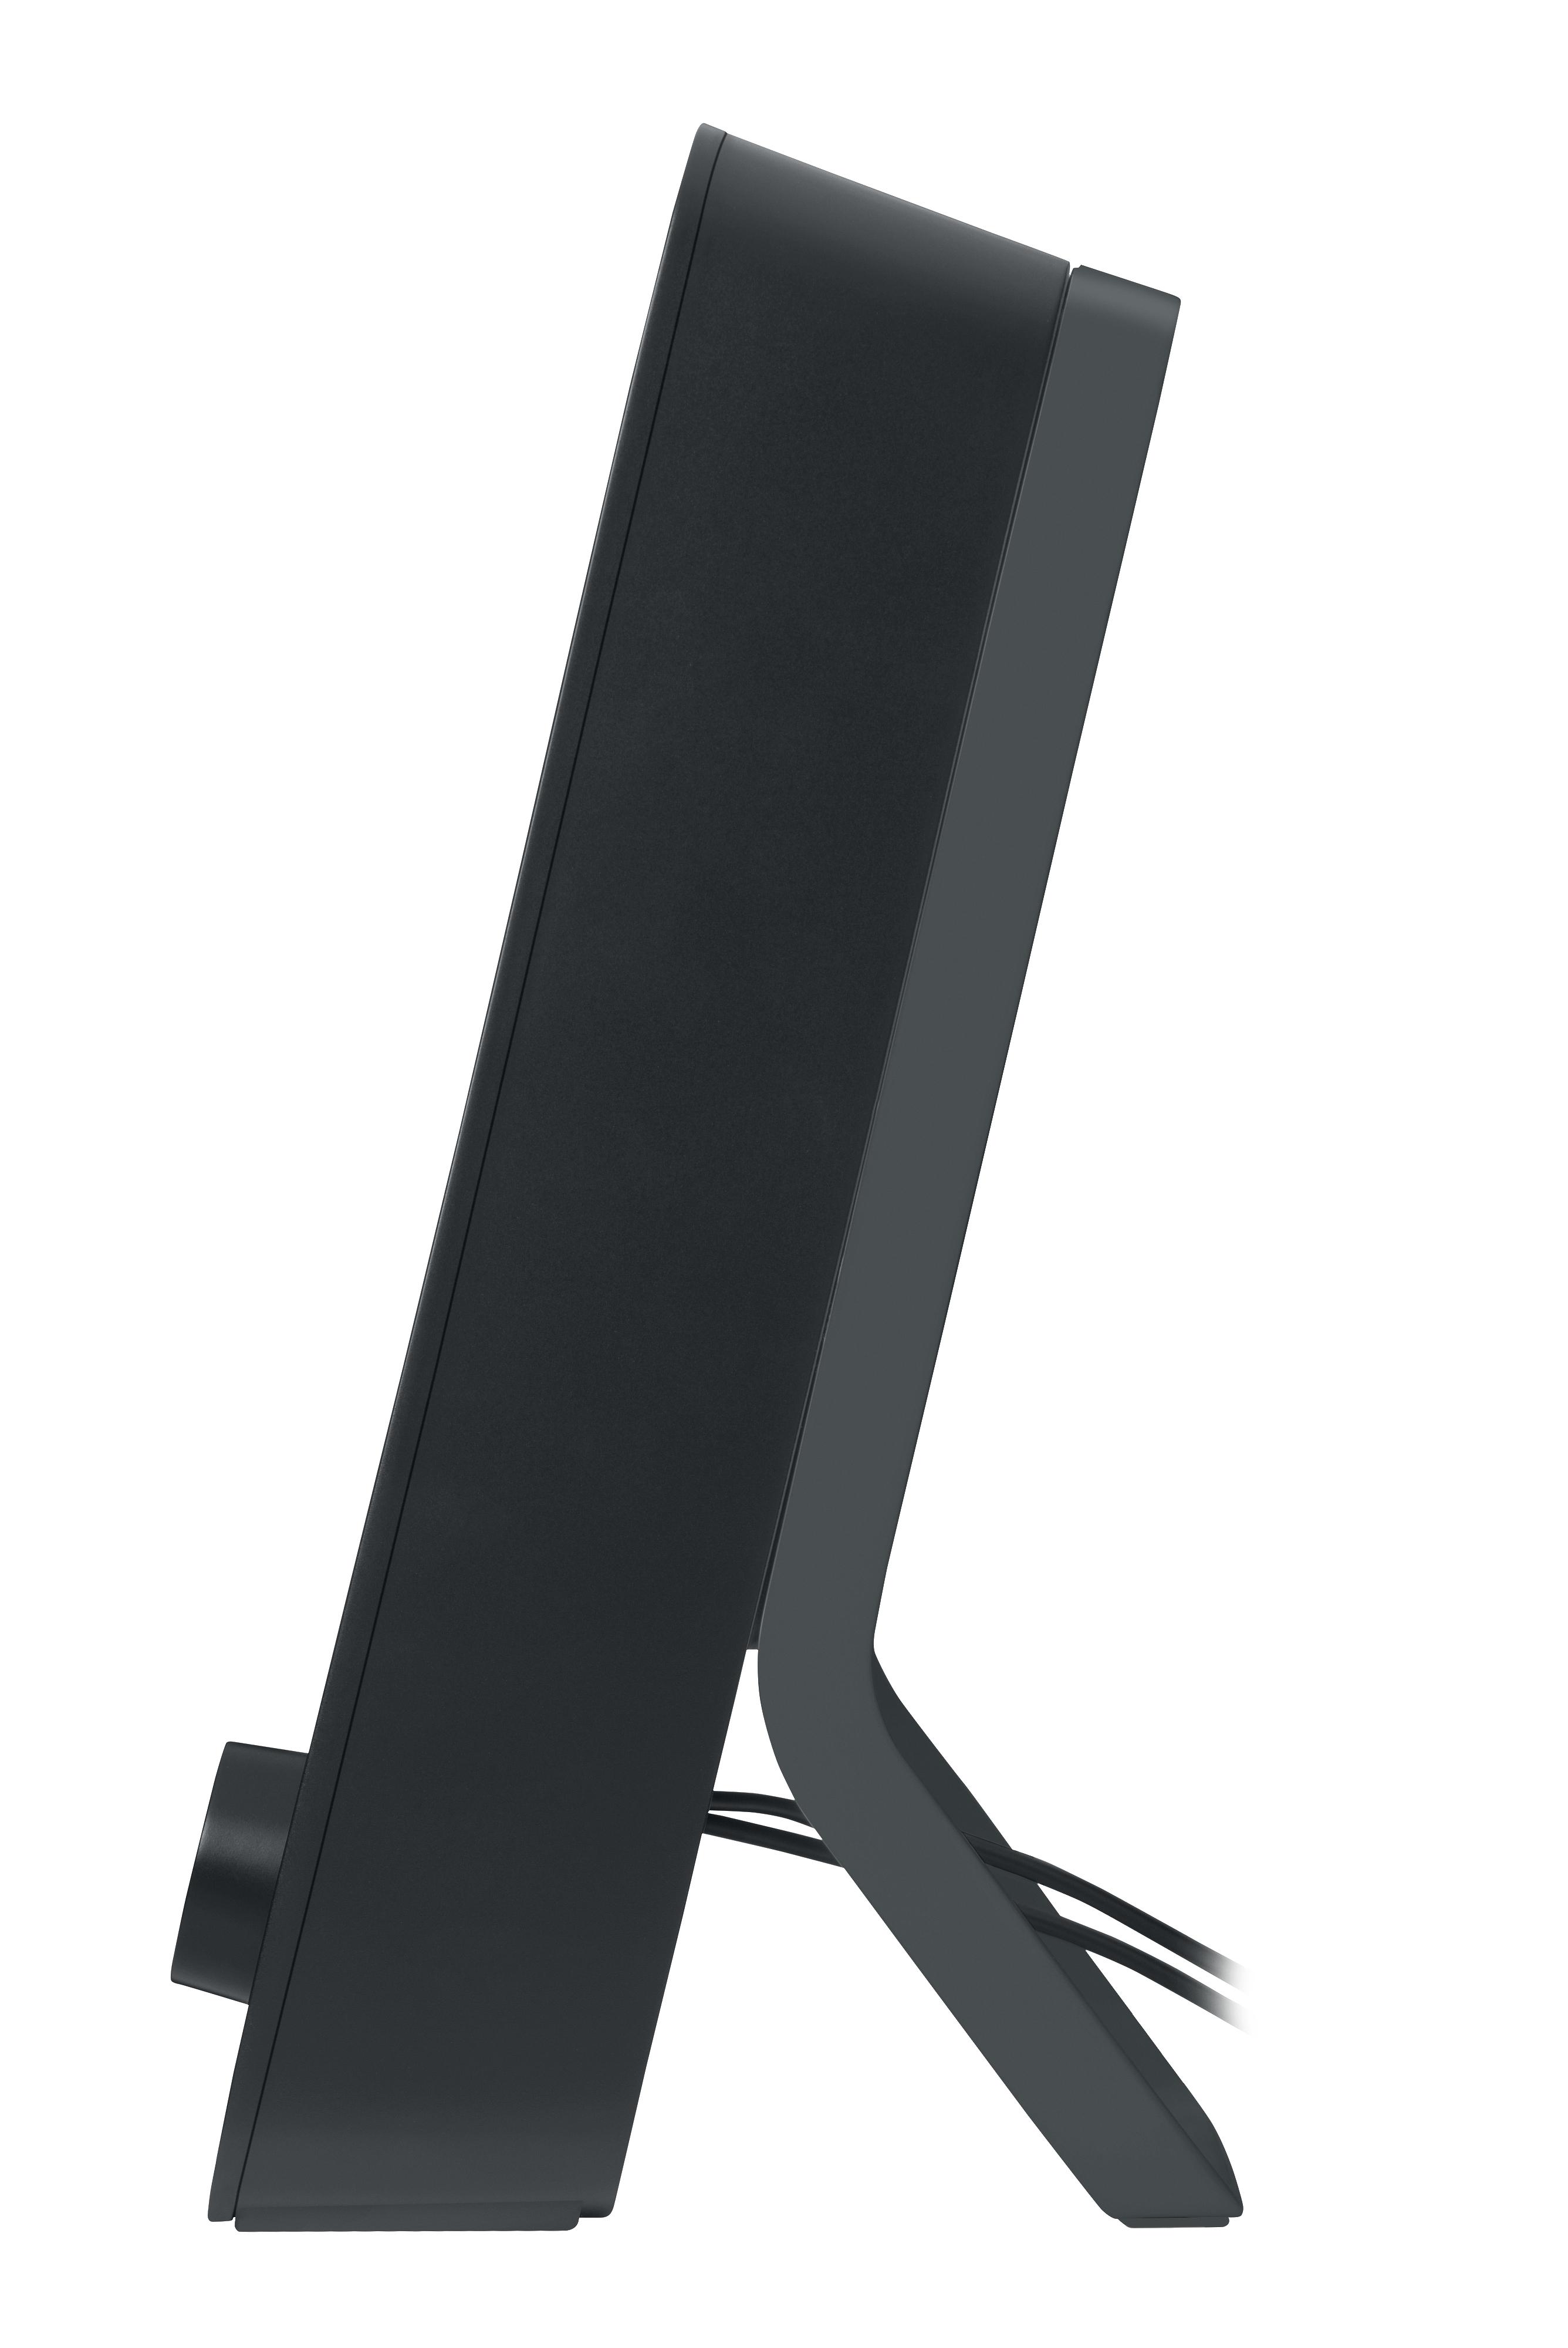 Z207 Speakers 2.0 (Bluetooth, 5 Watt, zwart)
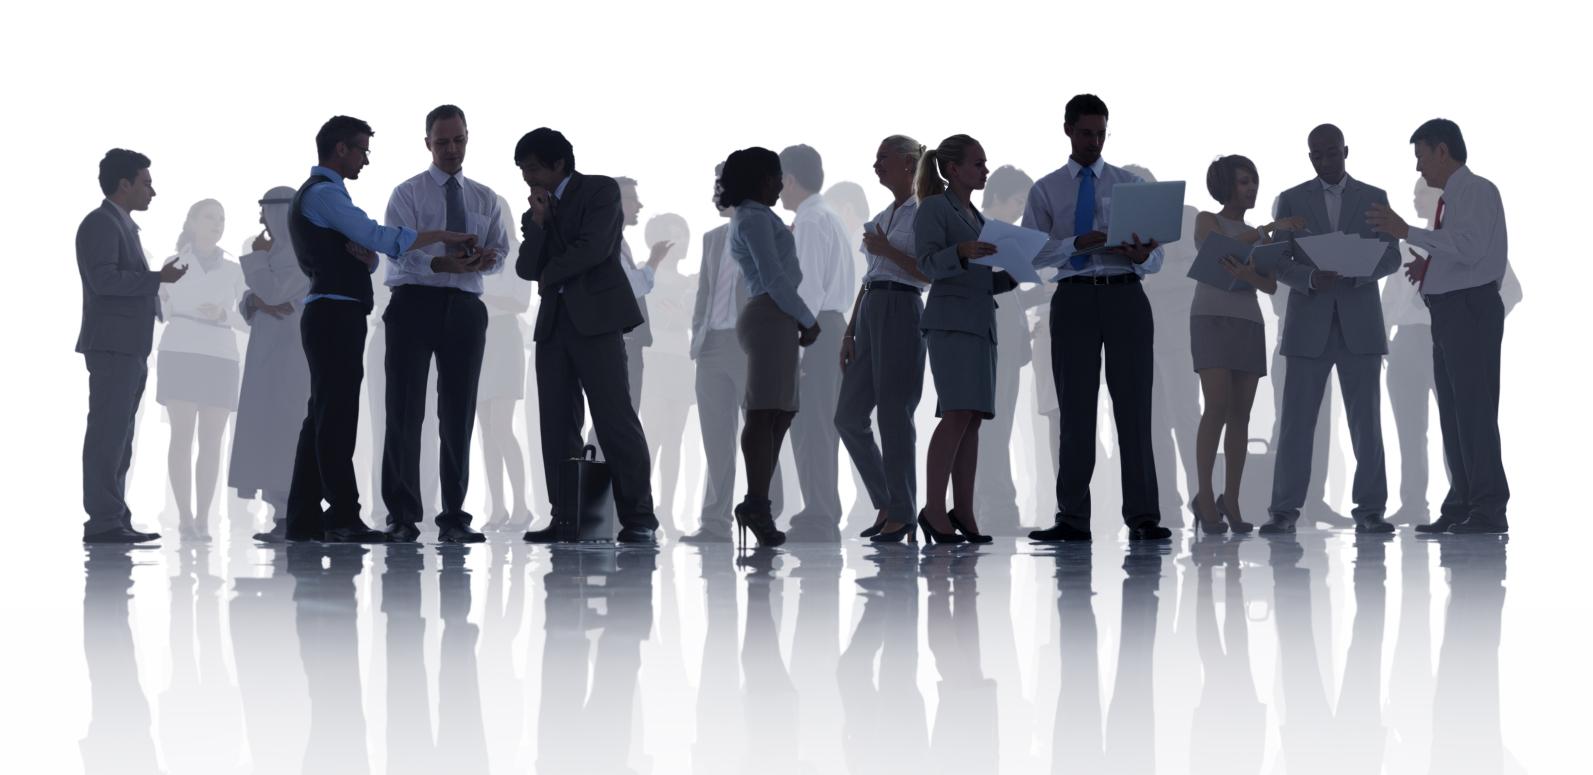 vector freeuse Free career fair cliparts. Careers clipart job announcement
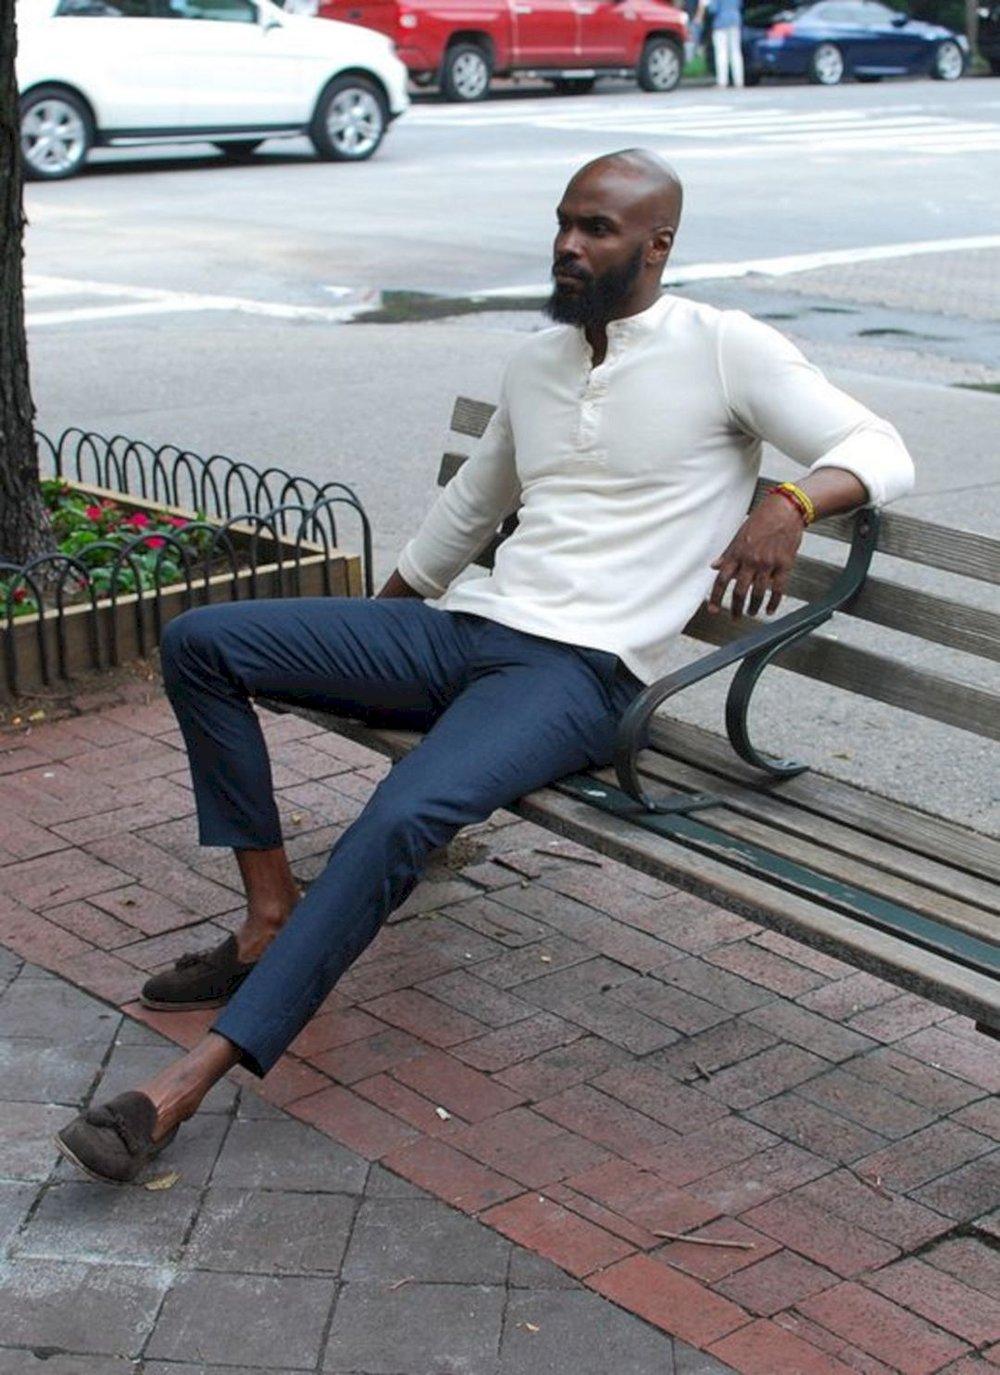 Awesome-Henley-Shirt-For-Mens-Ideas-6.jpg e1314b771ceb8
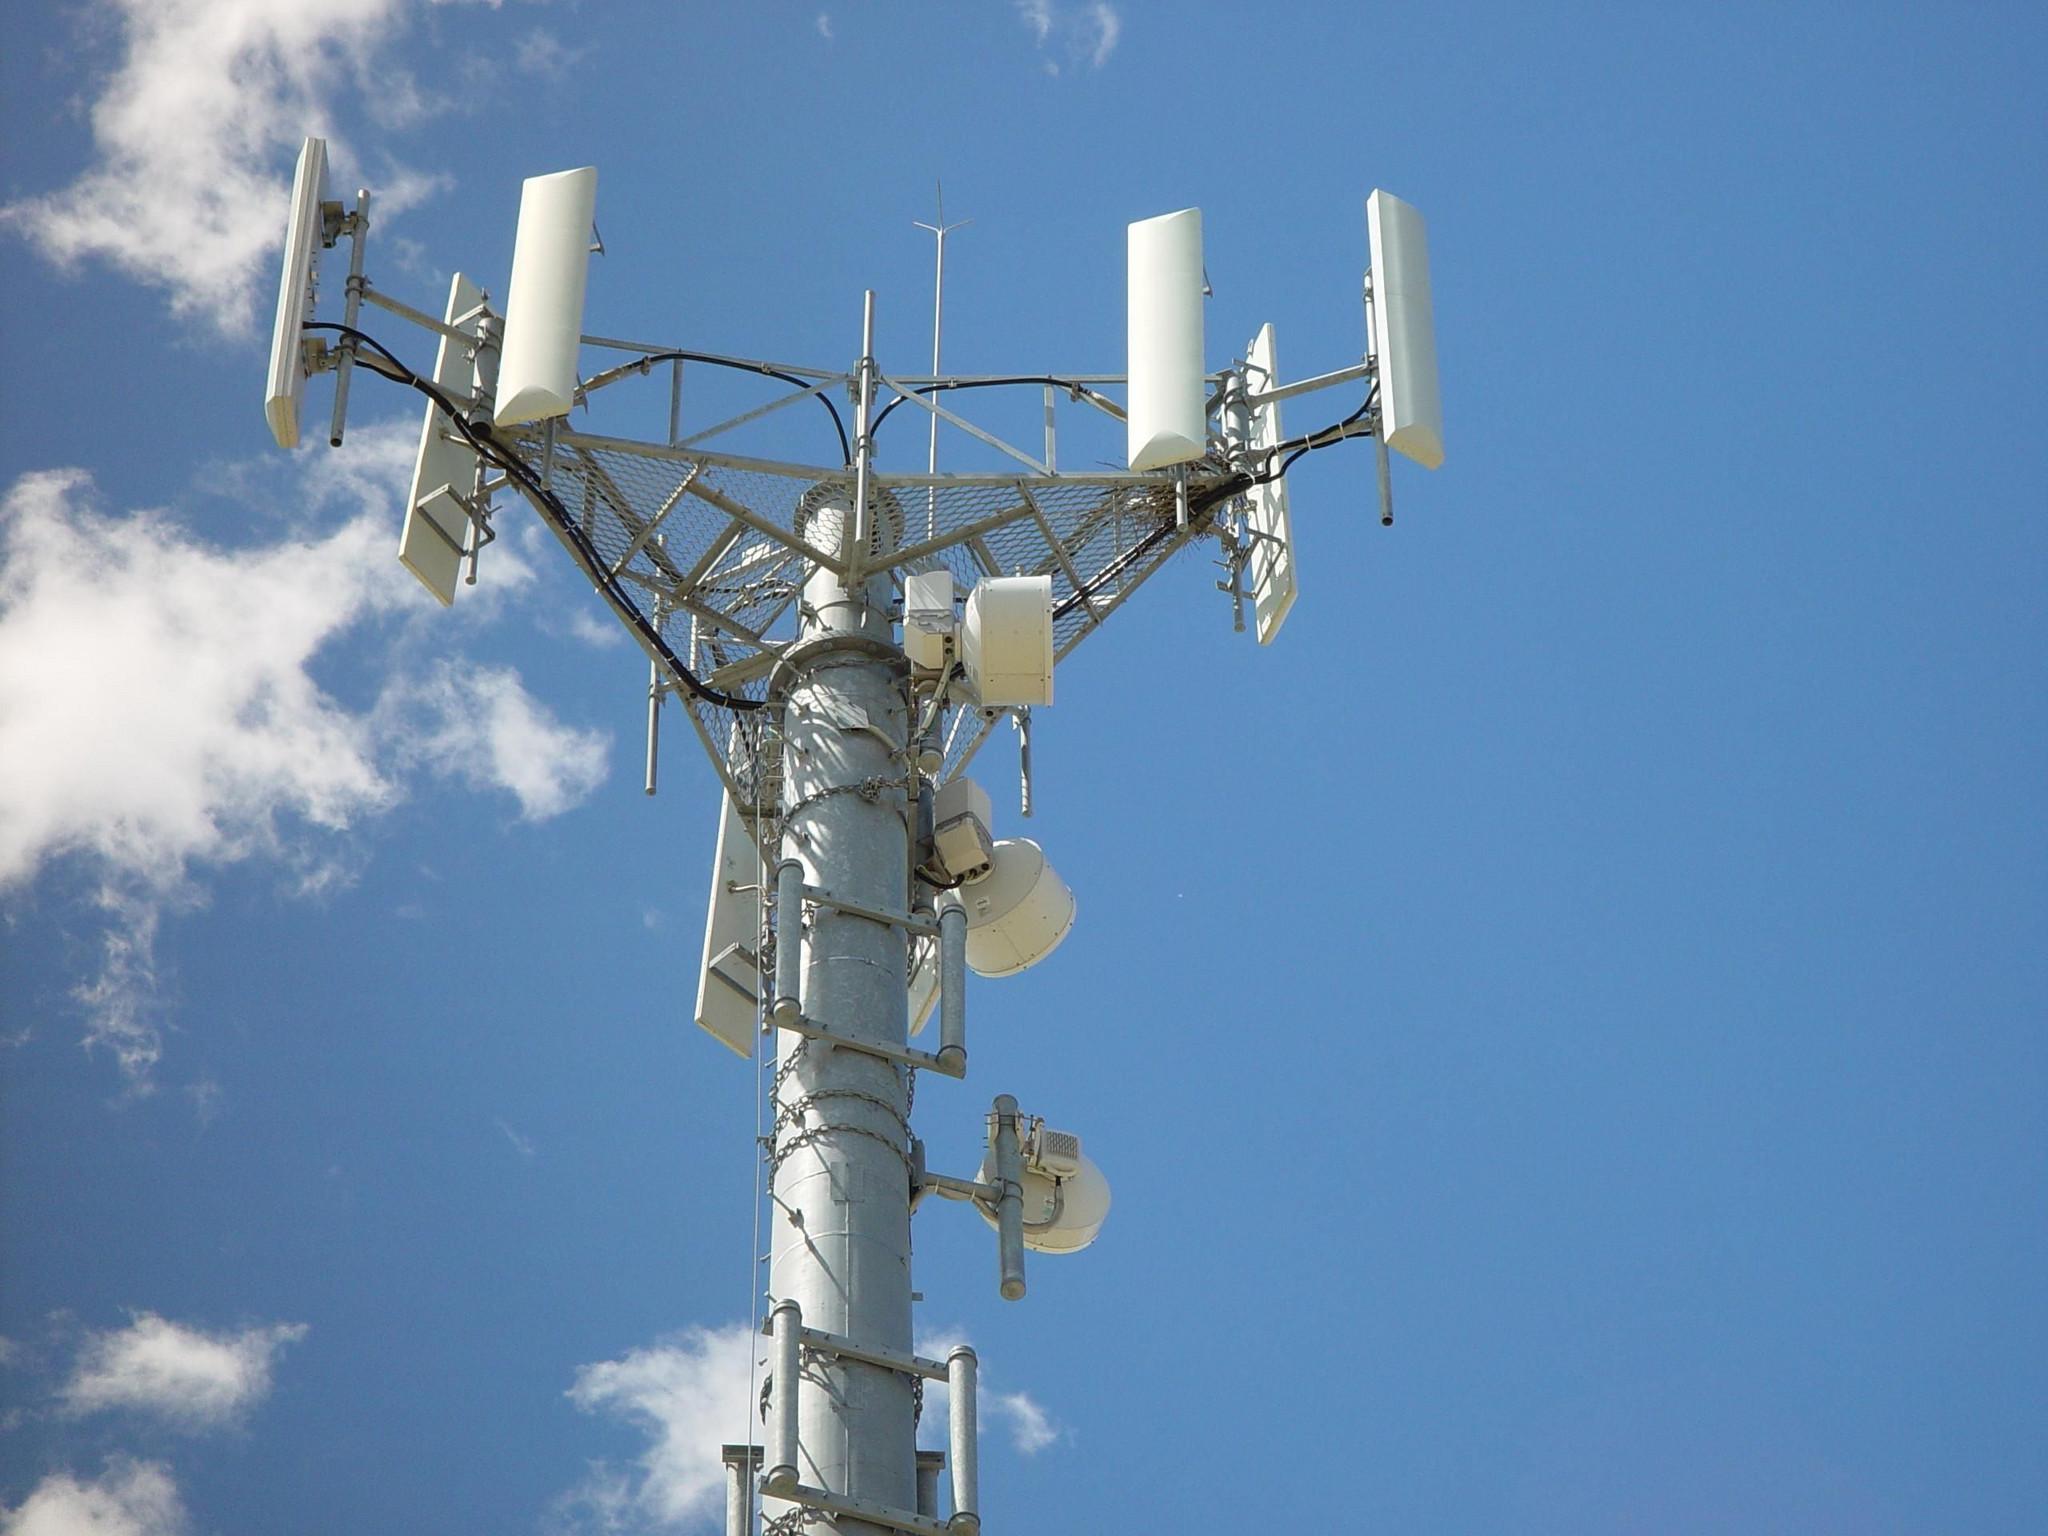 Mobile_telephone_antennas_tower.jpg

• _Your assignment_:
Copy out the data verbatim, excluding the pictures.

• _Written response_:
 Z207 Speakers 2.0 (Bluetooth, 5 Watt, zwart)
 vector freeuse Free career fair cliparts. Careers clipart job announcement
 Awesome-Henley-Shirt-For-Mens-Ideas-6.jpg e1314b771ceb8
 Mobile_telephone_antennas_tower.jpg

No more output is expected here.